SX-3228

Clinical data
- Other names: 5,6,7,8-tetrahydro-3-(5-methoxy-1,3,4-oxadiazol-2-yl)-6-(phenylmethyl)-1,6-naphthyridin-2(1H)-one

Identifiers
- IUPAC name (3E)-6-benzyl-3-(5-methoxy-1,3,4-oxadiazol-2(3H)-ylidene)-5,6,7,8-tetrahydro-1,6-naphthyridin-2(3H)-one;
- CAS Number: 156364-04-4;
- PubChem CID: 5487538;
- ChemSpider: 14241619;
- UNII: A5XC39S5SP;

Chemical and physical data
- Formula: C_{18}H_{18}N_{4}O_{3}
- Molar mass: 338.367 g·mol^{−1}
- 3D model (JSmol): Interactive image;
- SMILES COc1nnc(o1)C/3=C/C=4CN(Cc2ccccc2)CCC=4NC\3=O;
- InChI InChI=1S/C18H18N4O3/c1-24-18-21-20-17(25-18)14-9-13-11-22(8-7-15(13)19-16(14)23)10-12-5-3-2-4-6-12/h2-6,9H,7-8,10-11H2,1H3,(H,19,23); Key:BZLLVTYOOJNQIF-UHFFFAOYSA-N;

= SX-3228 =

Chemical compound

SX-3228 is a sedative and hypnotic drug used in scientific research.
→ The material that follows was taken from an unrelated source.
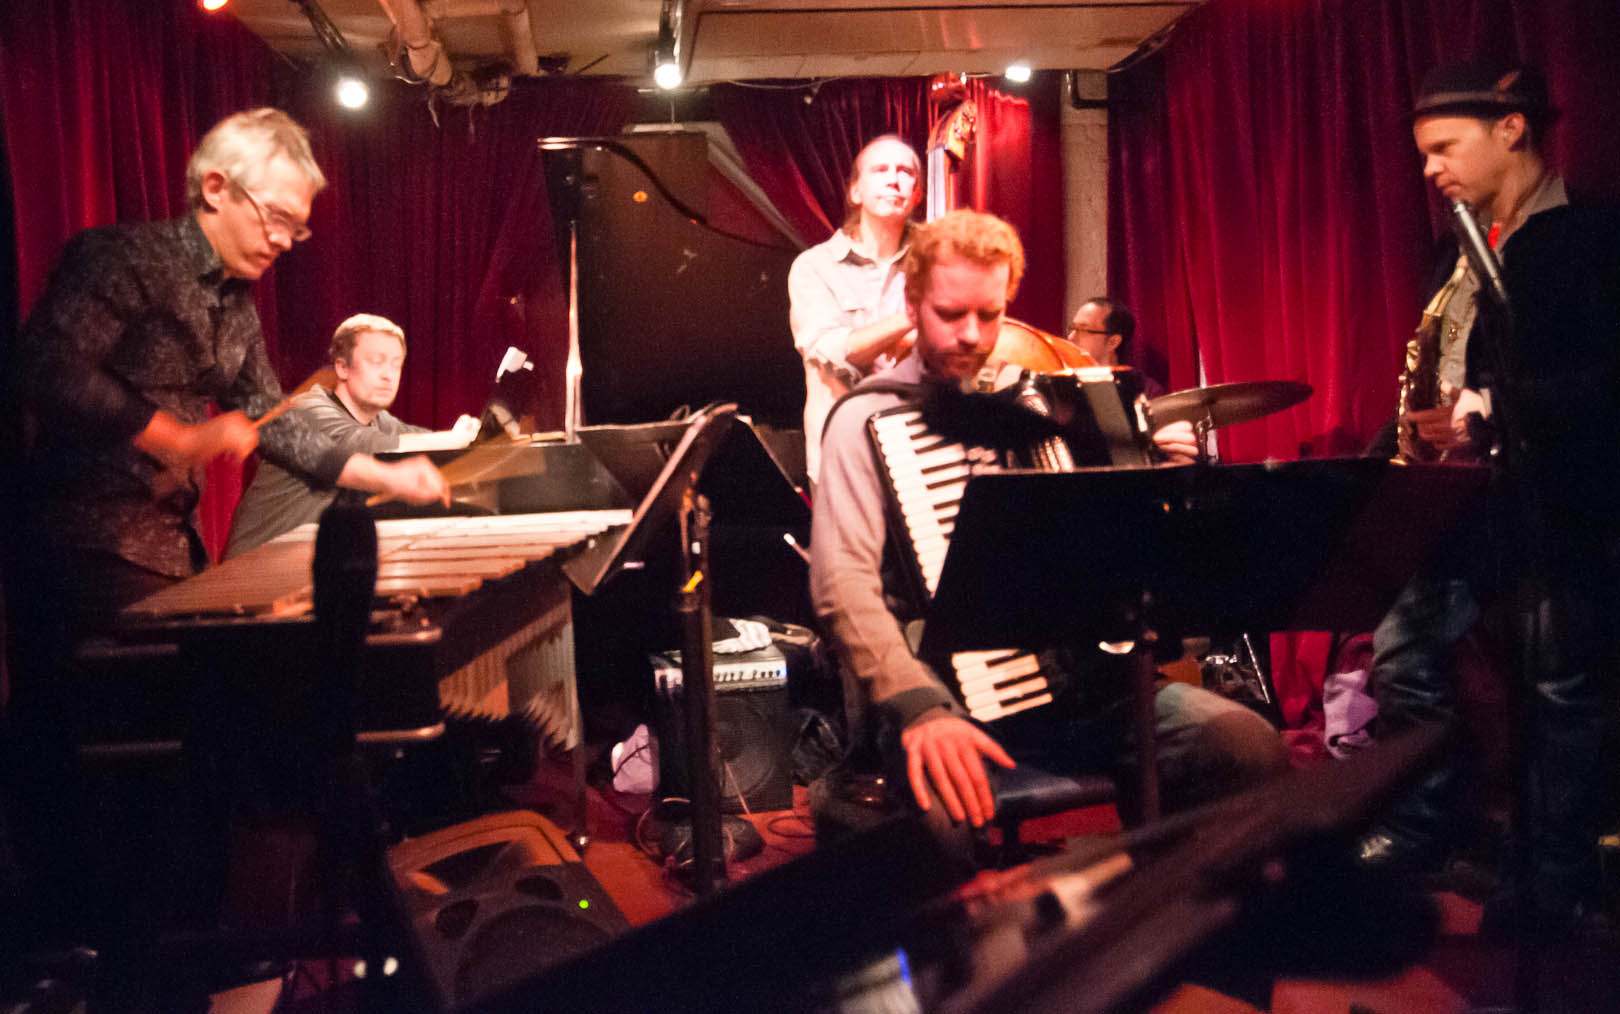 Matt Moran, Matt Mitchell, Red Wieringa, Drew Gress and Chris Speed with the Claudia Quintet at the Cornelia Street Cafe

It has similar effects to sedative-hypnotic benzodiazepine drugs, but is structurally distinct and so is classed as a nonbenzodiazepine hypnotic.

SX-3228 is a subtype-selective GABA_{A} positive allosteric modulator acting primarily at the α1 subtype. It thus has similar effects to other α1-selective drugs such as zolpidem and zaleplon in animal studies. It only partly substitutes for ethanol, and is a strong sedative-hypnotic with only limited anxiolytic effects which appear only at doses that also produce significant sedation.